[[ Recorded data, beginning ]]

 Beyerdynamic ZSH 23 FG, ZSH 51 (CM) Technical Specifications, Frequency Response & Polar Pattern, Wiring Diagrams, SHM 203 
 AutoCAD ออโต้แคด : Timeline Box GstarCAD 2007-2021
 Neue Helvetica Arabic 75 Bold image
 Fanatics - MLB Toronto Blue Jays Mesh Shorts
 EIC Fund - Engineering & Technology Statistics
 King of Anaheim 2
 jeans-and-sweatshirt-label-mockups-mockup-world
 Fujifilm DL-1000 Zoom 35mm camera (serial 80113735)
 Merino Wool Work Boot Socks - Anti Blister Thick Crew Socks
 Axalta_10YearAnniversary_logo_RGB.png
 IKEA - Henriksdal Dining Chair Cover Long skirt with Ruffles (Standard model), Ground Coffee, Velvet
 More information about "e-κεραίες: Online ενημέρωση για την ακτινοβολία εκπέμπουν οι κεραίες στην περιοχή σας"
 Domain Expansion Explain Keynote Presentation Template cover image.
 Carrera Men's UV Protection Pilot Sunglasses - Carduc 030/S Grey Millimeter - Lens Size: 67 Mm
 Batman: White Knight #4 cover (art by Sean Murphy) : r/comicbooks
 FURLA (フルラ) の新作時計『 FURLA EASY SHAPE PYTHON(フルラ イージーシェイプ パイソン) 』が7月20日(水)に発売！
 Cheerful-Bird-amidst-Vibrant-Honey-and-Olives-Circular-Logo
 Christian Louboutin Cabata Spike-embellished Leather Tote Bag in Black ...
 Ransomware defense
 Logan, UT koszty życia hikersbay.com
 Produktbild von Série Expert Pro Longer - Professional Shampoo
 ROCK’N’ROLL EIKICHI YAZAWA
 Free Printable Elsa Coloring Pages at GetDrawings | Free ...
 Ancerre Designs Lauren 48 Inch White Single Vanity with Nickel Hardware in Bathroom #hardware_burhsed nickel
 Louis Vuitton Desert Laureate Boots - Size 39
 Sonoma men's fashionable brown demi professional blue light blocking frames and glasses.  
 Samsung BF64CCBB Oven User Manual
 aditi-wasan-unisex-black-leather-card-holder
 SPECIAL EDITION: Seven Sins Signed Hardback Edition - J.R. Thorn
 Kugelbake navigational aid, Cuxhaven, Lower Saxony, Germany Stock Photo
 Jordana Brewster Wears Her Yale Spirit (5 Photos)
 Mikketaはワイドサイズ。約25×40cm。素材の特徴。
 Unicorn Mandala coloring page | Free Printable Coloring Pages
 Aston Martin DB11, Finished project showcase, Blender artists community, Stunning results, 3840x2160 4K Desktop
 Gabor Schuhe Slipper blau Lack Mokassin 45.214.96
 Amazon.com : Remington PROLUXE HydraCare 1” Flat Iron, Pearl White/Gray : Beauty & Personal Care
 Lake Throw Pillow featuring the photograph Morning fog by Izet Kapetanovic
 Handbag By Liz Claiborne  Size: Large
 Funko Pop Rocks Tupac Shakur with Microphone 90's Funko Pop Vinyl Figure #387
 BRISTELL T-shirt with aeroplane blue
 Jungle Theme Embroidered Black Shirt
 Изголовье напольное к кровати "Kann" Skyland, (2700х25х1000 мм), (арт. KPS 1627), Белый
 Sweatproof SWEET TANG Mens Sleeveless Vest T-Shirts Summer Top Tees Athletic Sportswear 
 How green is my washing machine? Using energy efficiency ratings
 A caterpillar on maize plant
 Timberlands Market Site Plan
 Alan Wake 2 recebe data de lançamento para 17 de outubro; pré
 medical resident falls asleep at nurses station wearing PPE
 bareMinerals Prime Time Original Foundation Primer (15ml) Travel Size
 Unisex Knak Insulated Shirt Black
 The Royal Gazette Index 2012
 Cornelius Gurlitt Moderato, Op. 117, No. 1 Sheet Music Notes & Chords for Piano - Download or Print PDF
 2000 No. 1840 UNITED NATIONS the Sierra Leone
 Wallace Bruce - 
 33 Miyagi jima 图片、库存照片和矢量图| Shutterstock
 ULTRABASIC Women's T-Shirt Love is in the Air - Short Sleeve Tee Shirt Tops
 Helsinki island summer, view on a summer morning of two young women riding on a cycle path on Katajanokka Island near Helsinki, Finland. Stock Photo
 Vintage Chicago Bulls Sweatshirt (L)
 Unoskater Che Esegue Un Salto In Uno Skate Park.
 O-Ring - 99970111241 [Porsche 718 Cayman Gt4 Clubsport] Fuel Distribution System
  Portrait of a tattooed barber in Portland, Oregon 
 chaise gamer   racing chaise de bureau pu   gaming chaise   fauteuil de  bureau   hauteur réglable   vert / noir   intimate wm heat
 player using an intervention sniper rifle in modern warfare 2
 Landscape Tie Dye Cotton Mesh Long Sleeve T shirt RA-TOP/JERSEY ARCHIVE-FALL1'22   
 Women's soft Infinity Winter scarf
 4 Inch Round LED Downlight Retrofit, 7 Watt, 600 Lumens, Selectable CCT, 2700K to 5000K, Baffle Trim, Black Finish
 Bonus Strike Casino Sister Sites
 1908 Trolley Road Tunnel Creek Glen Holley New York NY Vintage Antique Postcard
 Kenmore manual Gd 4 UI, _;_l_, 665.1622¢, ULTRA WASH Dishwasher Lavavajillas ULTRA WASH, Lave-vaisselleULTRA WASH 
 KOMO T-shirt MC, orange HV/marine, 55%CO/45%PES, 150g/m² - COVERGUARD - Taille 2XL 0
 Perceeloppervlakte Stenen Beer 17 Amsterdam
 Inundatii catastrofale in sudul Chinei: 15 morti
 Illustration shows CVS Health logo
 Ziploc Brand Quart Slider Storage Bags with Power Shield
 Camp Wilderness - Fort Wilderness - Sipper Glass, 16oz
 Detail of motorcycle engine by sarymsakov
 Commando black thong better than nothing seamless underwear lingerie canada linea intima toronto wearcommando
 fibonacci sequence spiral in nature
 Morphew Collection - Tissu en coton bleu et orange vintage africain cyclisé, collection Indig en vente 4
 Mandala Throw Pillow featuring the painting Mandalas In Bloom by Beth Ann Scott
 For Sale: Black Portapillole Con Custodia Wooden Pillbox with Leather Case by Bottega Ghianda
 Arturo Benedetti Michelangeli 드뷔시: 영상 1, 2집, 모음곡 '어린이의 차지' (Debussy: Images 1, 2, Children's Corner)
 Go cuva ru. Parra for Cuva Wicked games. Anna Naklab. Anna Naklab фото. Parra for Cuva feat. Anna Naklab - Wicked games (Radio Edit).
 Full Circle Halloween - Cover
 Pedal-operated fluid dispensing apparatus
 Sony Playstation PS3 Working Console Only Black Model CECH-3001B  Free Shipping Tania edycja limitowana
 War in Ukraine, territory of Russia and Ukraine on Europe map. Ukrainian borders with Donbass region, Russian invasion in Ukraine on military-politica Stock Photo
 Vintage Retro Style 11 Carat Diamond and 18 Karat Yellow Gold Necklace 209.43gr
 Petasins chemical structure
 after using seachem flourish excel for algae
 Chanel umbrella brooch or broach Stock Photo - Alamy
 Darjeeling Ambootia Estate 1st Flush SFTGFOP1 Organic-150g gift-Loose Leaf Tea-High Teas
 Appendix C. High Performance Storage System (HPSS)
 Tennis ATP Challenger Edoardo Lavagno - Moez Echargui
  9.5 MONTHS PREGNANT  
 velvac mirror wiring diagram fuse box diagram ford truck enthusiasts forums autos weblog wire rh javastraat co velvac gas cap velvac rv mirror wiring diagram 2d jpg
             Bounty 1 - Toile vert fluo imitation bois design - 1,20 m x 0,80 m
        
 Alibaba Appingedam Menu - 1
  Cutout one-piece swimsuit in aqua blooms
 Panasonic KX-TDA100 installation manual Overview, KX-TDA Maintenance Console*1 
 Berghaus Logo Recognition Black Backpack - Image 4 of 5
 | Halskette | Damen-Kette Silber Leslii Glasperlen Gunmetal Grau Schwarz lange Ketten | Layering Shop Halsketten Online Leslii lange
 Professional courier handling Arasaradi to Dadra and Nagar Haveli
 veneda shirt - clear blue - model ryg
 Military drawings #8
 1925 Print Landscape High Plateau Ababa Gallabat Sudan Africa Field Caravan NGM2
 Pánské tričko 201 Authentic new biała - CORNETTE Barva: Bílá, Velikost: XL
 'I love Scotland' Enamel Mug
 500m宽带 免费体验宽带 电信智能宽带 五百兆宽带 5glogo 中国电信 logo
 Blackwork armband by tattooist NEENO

[[ Recorded data, end ]]

* Your assignment
Starting at the line above that contains "Unicorn Mandala coloring", write out each line exactly until the line that contains "4 Inch Round" has been written, and stop there.

* Reply
 Unicorn Mandala coloring page | Free Printable Coloring Pages
 Aston Martin DB11, Finished project showcase, Blender artists community, Stunning results, 3840x2160 4K Desktop
 Gabor Schuhe Slipper blau Lack Mokassin 45.214.96
 Amazon.com : Remington PROLUXE HydraCare 1” Flat Iron, Pearl White/Gray : Beauty & Personal Care
 Lake Throw Pillow featuring the photograph Morning fog by Izet Kapetanovic
 Handbag By Liz Claiborne  Size: Large
 Funko Pop Rocks Tupac Shakur with Microphone 90's Funko Pop Vinyl Figure #387
 BRISTELL T-shirt with aeroplane blue
 Jungle Theme Embroidered Black Shirt
 Изголовье напольное к кровати "Kann" Skyland, (2700х25х1000 мм), (арт. KPS 1627), Белый
 Sweatproof SWEET TANG Mens Sleeveless Vest T-Shirts Summer Top Tees Athletic Sportswear 
 How green is my washing machine? Using energy efficiency ratings
 A caterpillar on maize plant
 Timberlands Market Site Plan
 Alan Wake 2 recebe data de lançamento para 17 de outubro; pré
 medical resident falls asleep at nurses station wearing PPE
 bareMinerals Prime Time Original Foundation Primer (15ml) Travel Size
 Unisex Knak Insulated Shirt Black
 The Royal Gazette Index 2012
 Cornelius Gurlitt Moderato, Op. 117, No. 1 Sheet Music Notes & Chords for Piano - Download or Print PDF
 2000 No. 1840 UNITED NATIONS the Sierra Leone
 Wallace Bruce - 
 33 Miyagi jima 图片、库存照片和矢量图| Shutterstock
 ULTRABASIC Women's T-Shirt Love is in the Air - Short Sleeve Tee Shirt Tops
 Helsinki island summer, view on a summer morning of two young women riding on a cycle path on Katajanokka Island near Helsinki, Finland. Stock Photo
 Vintage Chicago Bulls Sweatshirt (L)
 Unoskater Che Esegue Un Salto In Uno Skate Park.
 O-Ring - 99970111241 [Porsche 718 Cayman Gt4 Clubsport] Fuel Distribution System
  Portrait of a tattooed barber in Portland, Oregon 
 chaise gamer   racing chaise de bureau pu   gaming chaise   fauteuil de  bureau   hauteur réglable   vert / noir   intimate wm heat
 player using an intervention sniper rifle in modern warfare 2
 Landscape Tie Dye Cotton Mesh Long Sleeve T shirt RA-TOP/JERSEY ARCHIVE-FALL1'22   
 Women's soft Infinity Winter scarf
 4 Inch Round LED Downlight Retrofit, 7 Watt, 600 Lumens, Selectable CCT, 2700K to 5000K, Baffle Trim, Black Finish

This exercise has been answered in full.